Growth and geopolitical concerns have mining and energy names looking attractive, while it's a good time to trim back on health care, says Heartland manager Brad Evans.

Where to Find Small-Cap Winners

Laura Lallos: Hi, this is Laura Lallos. I'm a mutual fund analyst here at Morningstar. And today we have with us Brad Evans from Heartland. He is the lead manager on [Bronze-rated] Heartland Value Plus and comanages [Neutral-rated] Heartland Value, as well, two funds in the small-cap space.

Brad, thanks for joining us today.

Brad Evans: Great to be here.

Lallos: I know a lot of our viewers are interested in small and micro-caps right now. They had a fabulous run last year. I'm wondering if there's more value to be had there? What is your perspective?

Evans: I think Heartland is built on a process that has stood the test of time: our 10 principles of value investing. We are dyed-in-the-wool contrarians, and for that reason, there's always opportunity to find value in the marketplace. There are always going to be sectors that are really exciting and overvalued, and there are going to be sectors and stocks, in particular, that are deeply undervalued.

Today, as always, we're not having difficulty finding opportunities to put any money to work, and I would highlight areas like for-profit education and energy stocks as being areas that are very attractive today, as well as other sectors within the materials space. Gold mining is an example of an area that has been beaten up pretty meaningfully, as well. So, there is always opportunity for a contrarian to put money to work.

Lallos: You're mentioning some areas that people are quite fearful of right now, and you're venturing in?

Evans: We are. When you look at, say, certain sectors today like energy as an example, I know as we understand right now it's very unpopular place to be investing. There's a lot of fear about around geopolitical factors globally as well as commodity prices. You have to put that aside and look at the underlying values of what the companies are and what the opportunity set is. And we're able to find companies that are deeply undervalued on their earnings, their cash flows, their book values, and net asset values with good balance sheets. Those are really the valuation criteria that we're focusing on. So, we're able to find opportunity in energy, in particular.

Lallos: A name that we discussed earlier was Commercial Metals; steel being another area that other investors are shooing. You're seeing an opportunity.

Evans: Steel has been a terrible place to invest over the last few years. There are a lot of concerns, geopolitically again, concerns about Europe and China, and oversupply. There are opportunities to find value in areas that are hated, and that's part of our process.

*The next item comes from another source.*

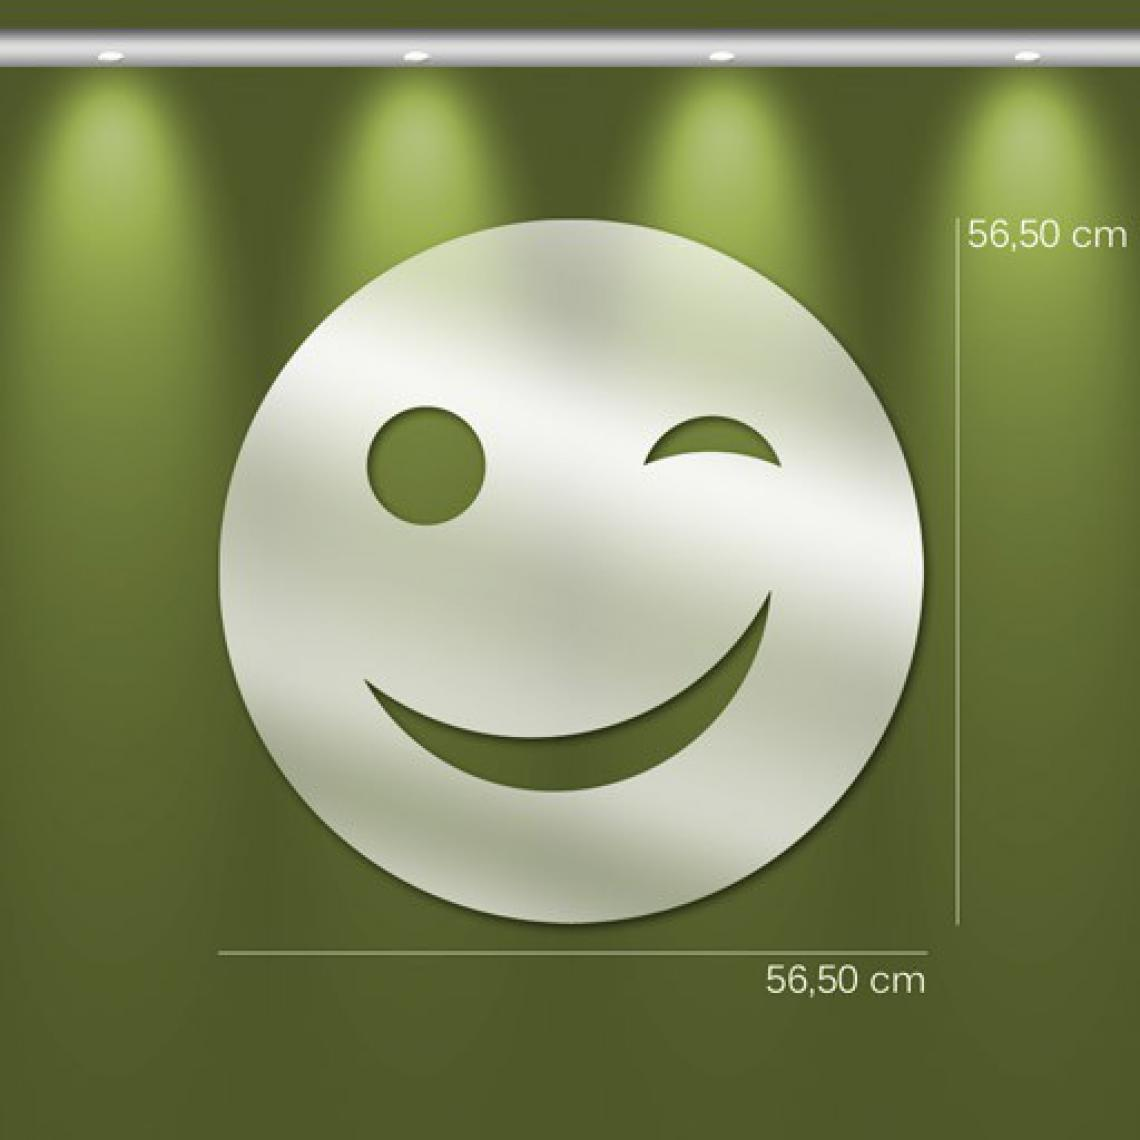 Miroir smiley

I mean, Commercial Metals is an example. When we made our investment in the company, we found a company that was deeply undervalued on normalized earnings, undervalued on current cash flows, and trading near book value, with a rapidly improving balance sheet, very attractive debt profile and a low debt/EBITDA ratio, significant earnings power and free cash flow, and a catalyst, to boot, which would be an improving commercial construction cycle here in the United States and an industry that's a fairly rational oligopoly, competing against companies like Gerdau and Nucor.

It's a company that is just flying below the radar screen and not well-liked by the Street with fairly limited sell-side coverage. Again, our modus operandi is to really zig when the market zags and invest in lonely areas of the marketplace and be patient. We have a two- to three-year investment horizon, and Commercial Metals is a perfect example of a Heartland stock.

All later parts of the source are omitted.